Economists and energy analysts express disagreement against federal minister for resources Matt Canavan’s claim that Australia should invest in coal power. According to a research conducted by the Department of Industry, Innovation and Science, which was commissioned by Canavan, the country can reduce emission by 27 percent by embracing a more efficient “ultra-supercritical” technology.

But Climate Institute energy analyst Olivia Kember said such move can jeopardise longer-term commitments made in Paris. Part of these is to reach net zero emissions in the second half of the century.

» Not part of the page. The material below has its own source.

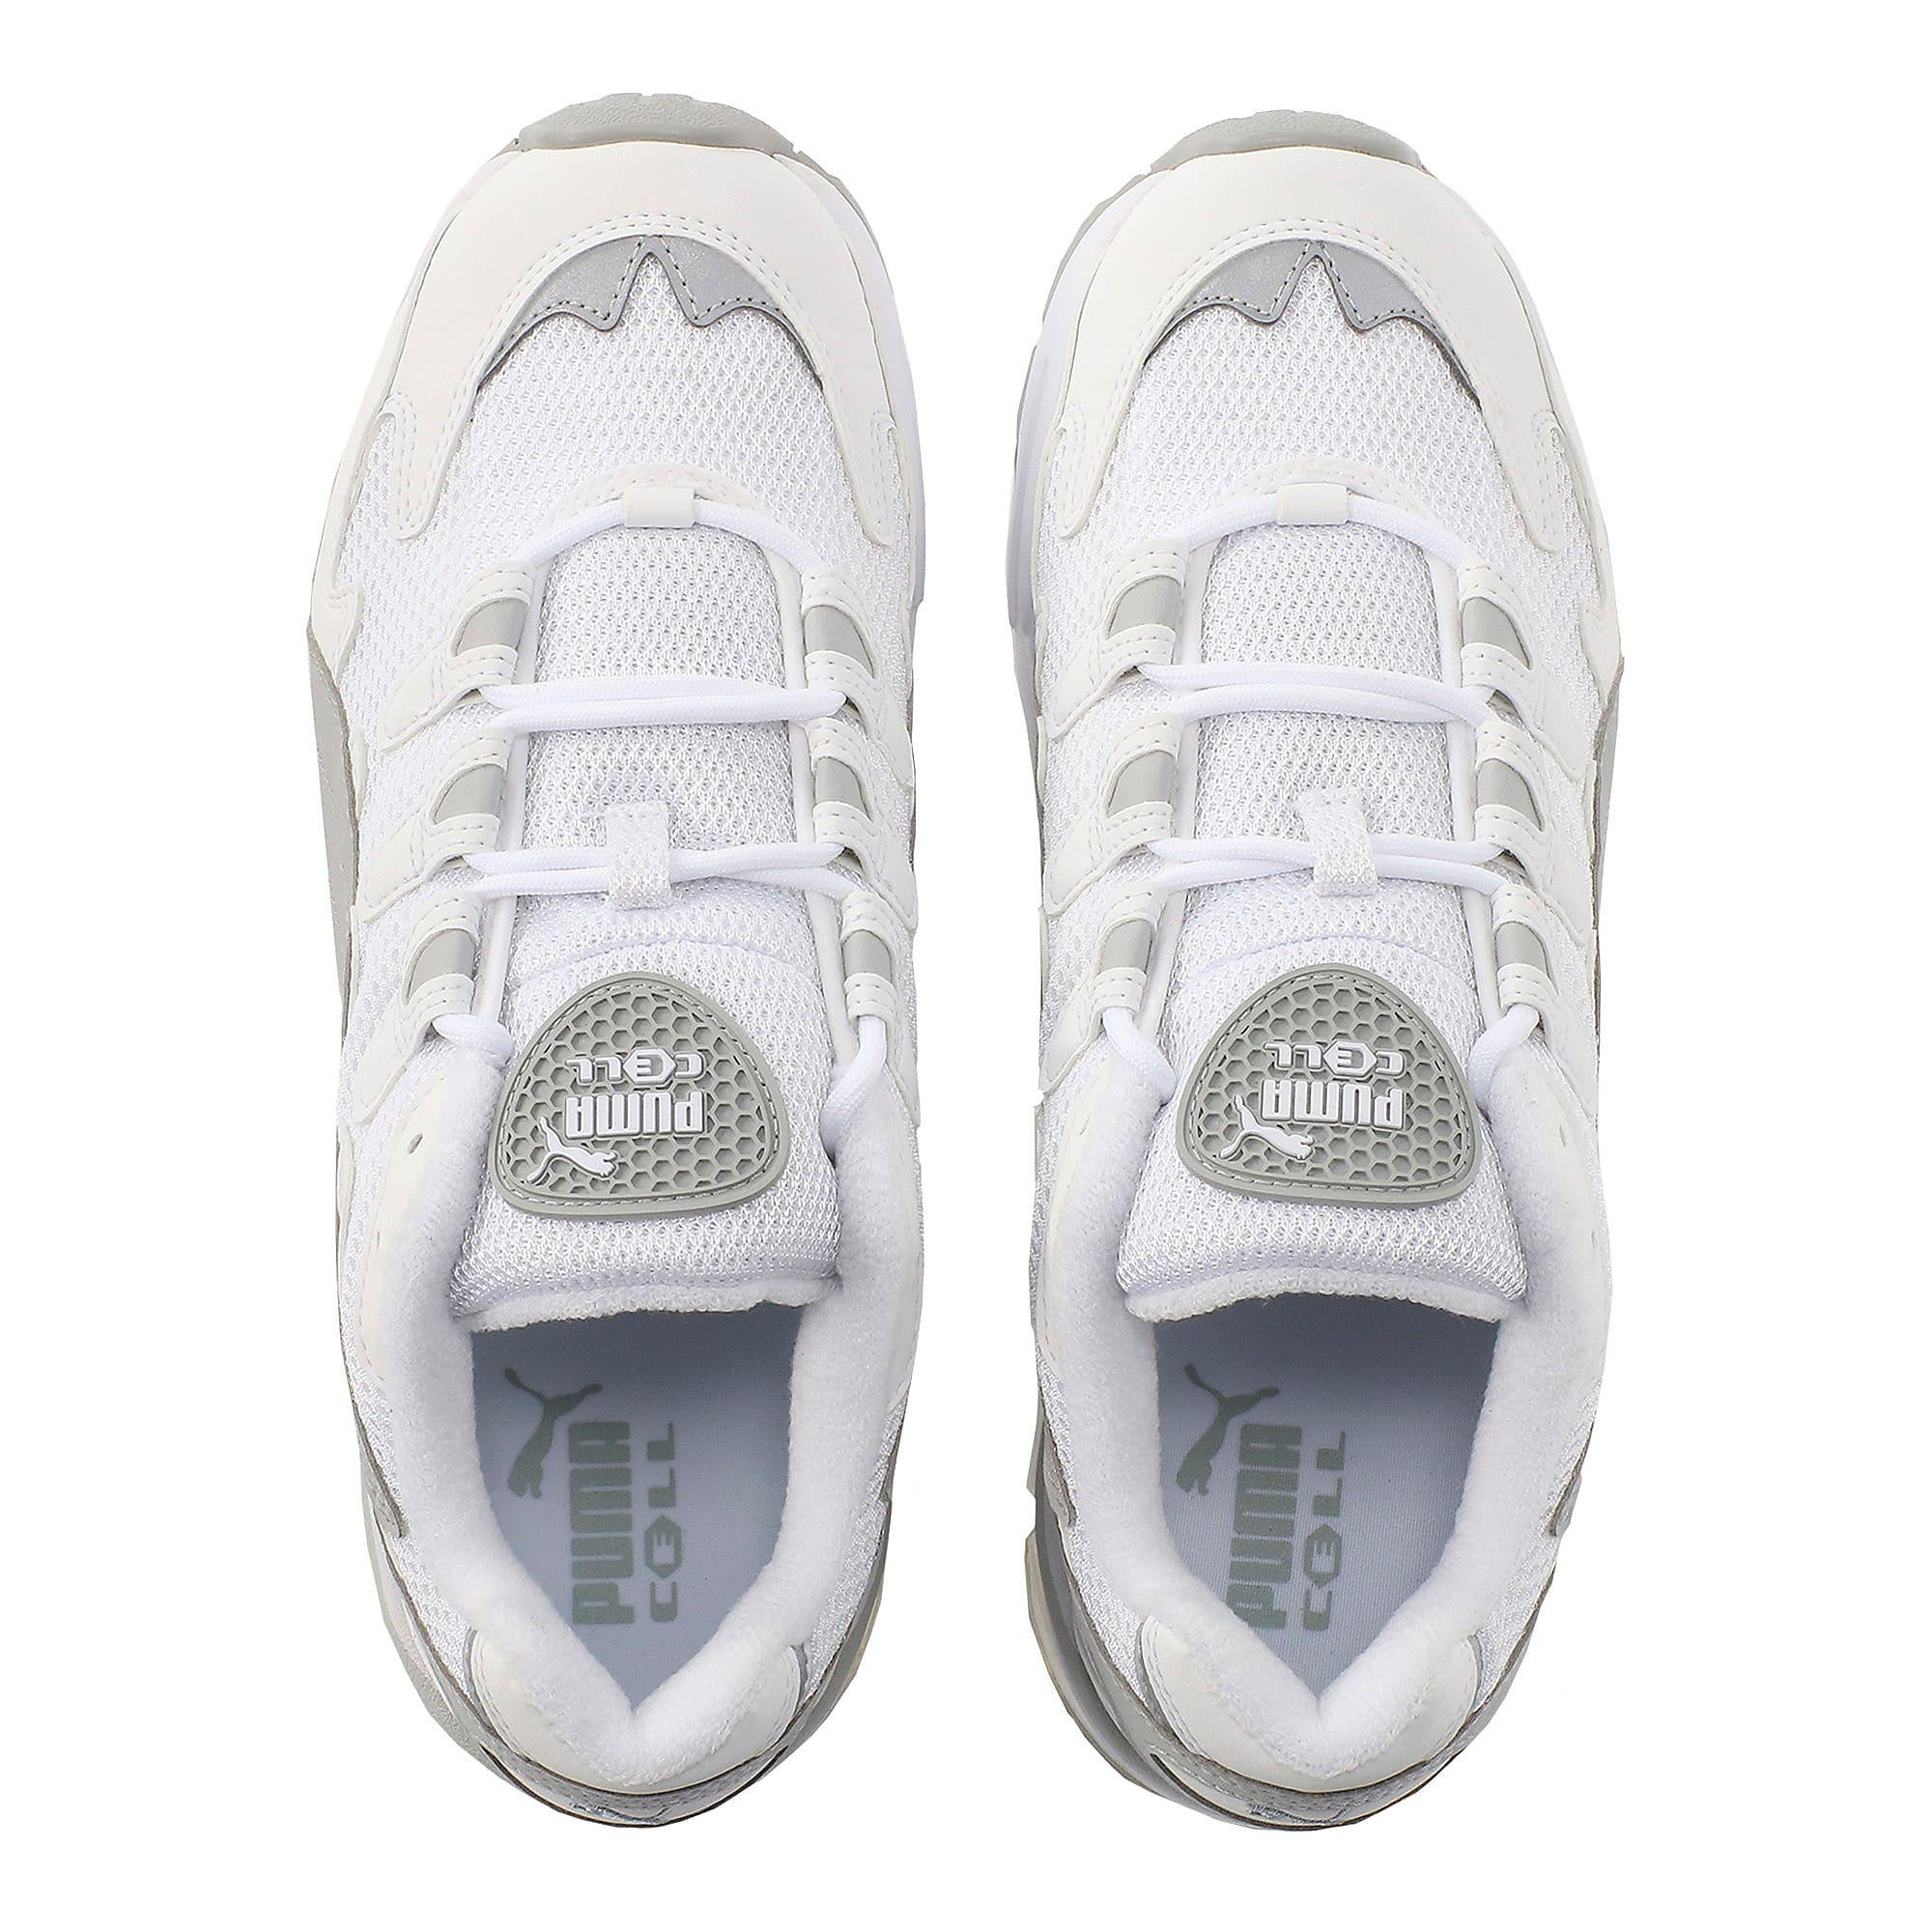 Thumbnail 6 of CELL Alien OG Sneakers, Puma White-High Rise, medium

“Australia has committed through the Paris Agreement to achieve net zero emissions,” Kember explained. She pointed that new coal stations that can go no further than a reduction of 25 percent to 34 percent will not achieve the net zero aim.

Instead, it would lock the land down under into decades of high-carbon electricity while other countries are switching to clean power. “That’s such a risky outcome that I doubt any financial institutions would even finance investments in ultra-supercritical coal in Australia,” Kember exclaimed.

Even Australia’s chief scientist Alan Finkel does not go with Canavan’s claim. In his preliminary report on the future security of the electricity market, it was stated that it has been clear in their consultations that no one is contemplating investing in new ones. “Owner-investors are exiting emissions-intensive power stations as these reach the end of their design lives,” the report said.

Amid the attacks against the coal industry, Canavan released a statement to explain that coal has a significant role to play as Australia, and the rest of the world, reduce carbon dioxide emissions. He said the country has the resources to be a low-cost and efficient energy superpower. “Access to affordable and reliable power underpins our economy and is the key to long-term jobs in the manufacturing sector,” he said.